Today I have talked through the designs for ENO's production of Messiah with director, Deborah Warner. Hot on the heels of her provocative new production of Brecht's Mother Courage at the National Theatre, Deborah and her team are now putting the final touches to their concept and looking forward to the first day of rehearsals. The stunning designs are being created by Tom Pye, and with a wonderful cast, led by tenor John Mark Ainsley, the ENO Orchestra and Chorus and the conducting of Handelian expert Lawrence Cummings, I feel sure that we are in for a treat.
 
Handel was the most versatile theatrical composer of the baroque period and many of his oratorios have a dramatic narrative hence the rich history of oratorio stagings over the last 10 years. 
 
Key to Deborah's concept for the production is an amateur community group of actors drawn from Westminster and representative of a contemporary urban community.

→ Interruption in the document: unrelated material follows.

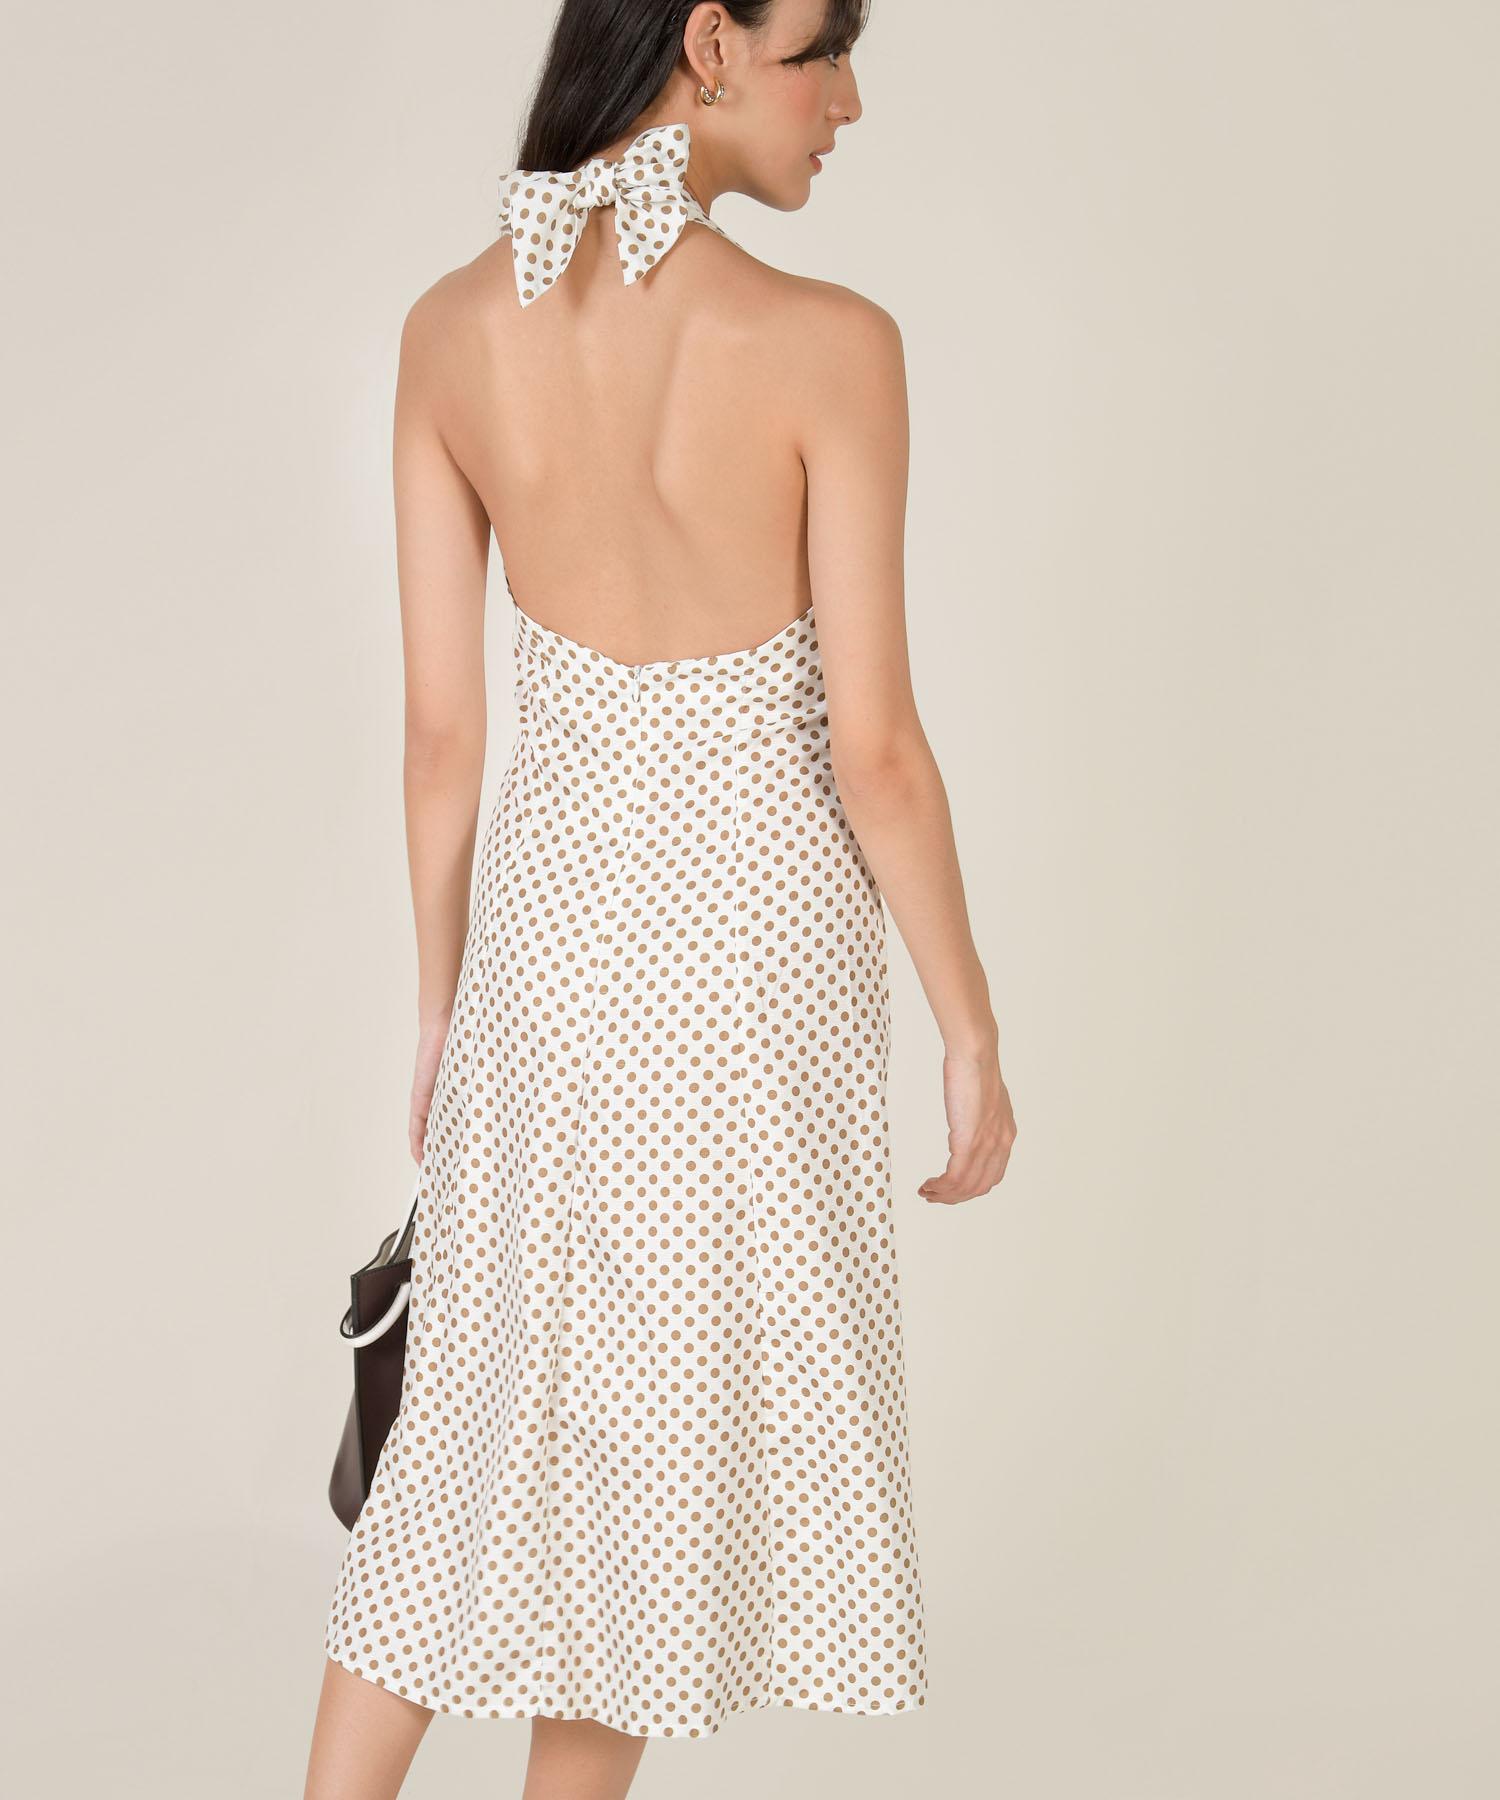 mattea-polka-halter-midi-dress-white-1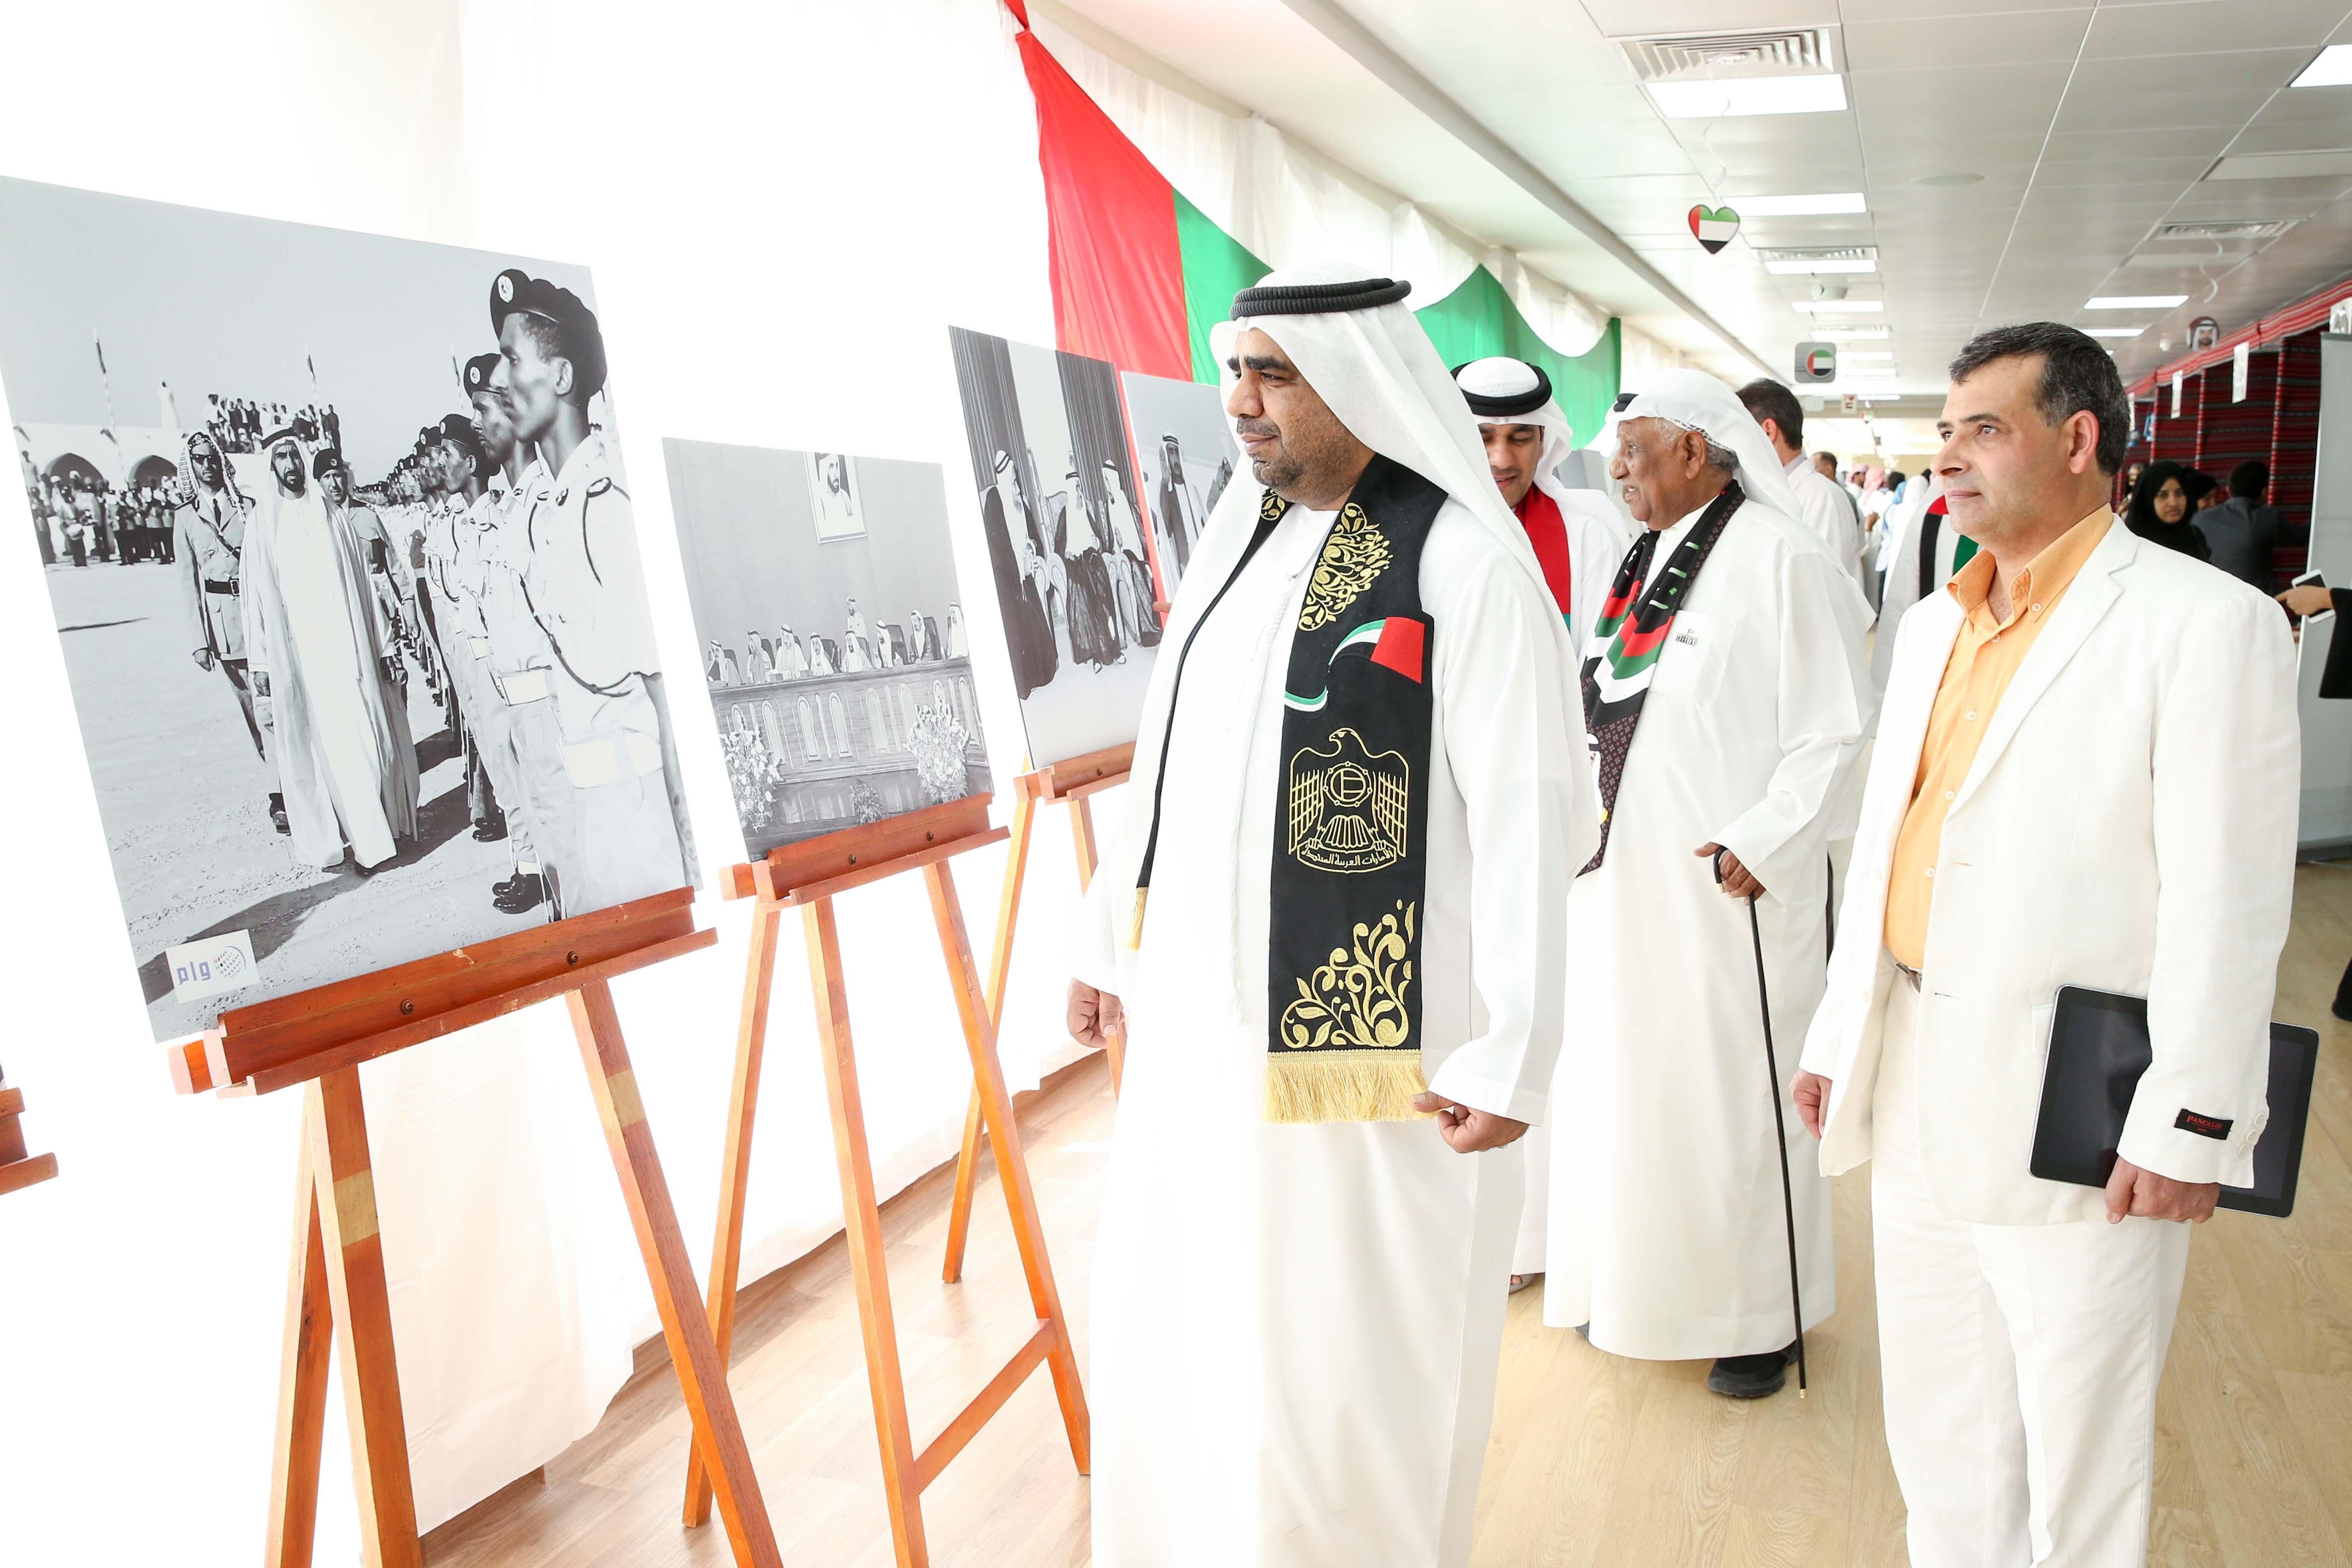 احتفالاً باليوم الوطني الــ 45 جمعية الصحفيين تنظم معرضاً للصور الصحفية بمستشفى الفجيرة

Our staging of Messiah and the Sing Hallelujah project are all about community, the joy of singing together, the thrill of participating, challenging the preconceptions that the place for Handel's Messiah is in church, a scriptural oratorio exclusively for a Christian tradition. In fact the annual Christmas performances of Messiah came about because Handel would conduct the work to raise money for charity. It has over the years, after what must be millions of performances, and with the great Hallelujah Chorus, become Handel's most celebrated work. There can be no better way to end a year of celebrations for this great composer than by coming together to hear, learn and sing this wonderful work.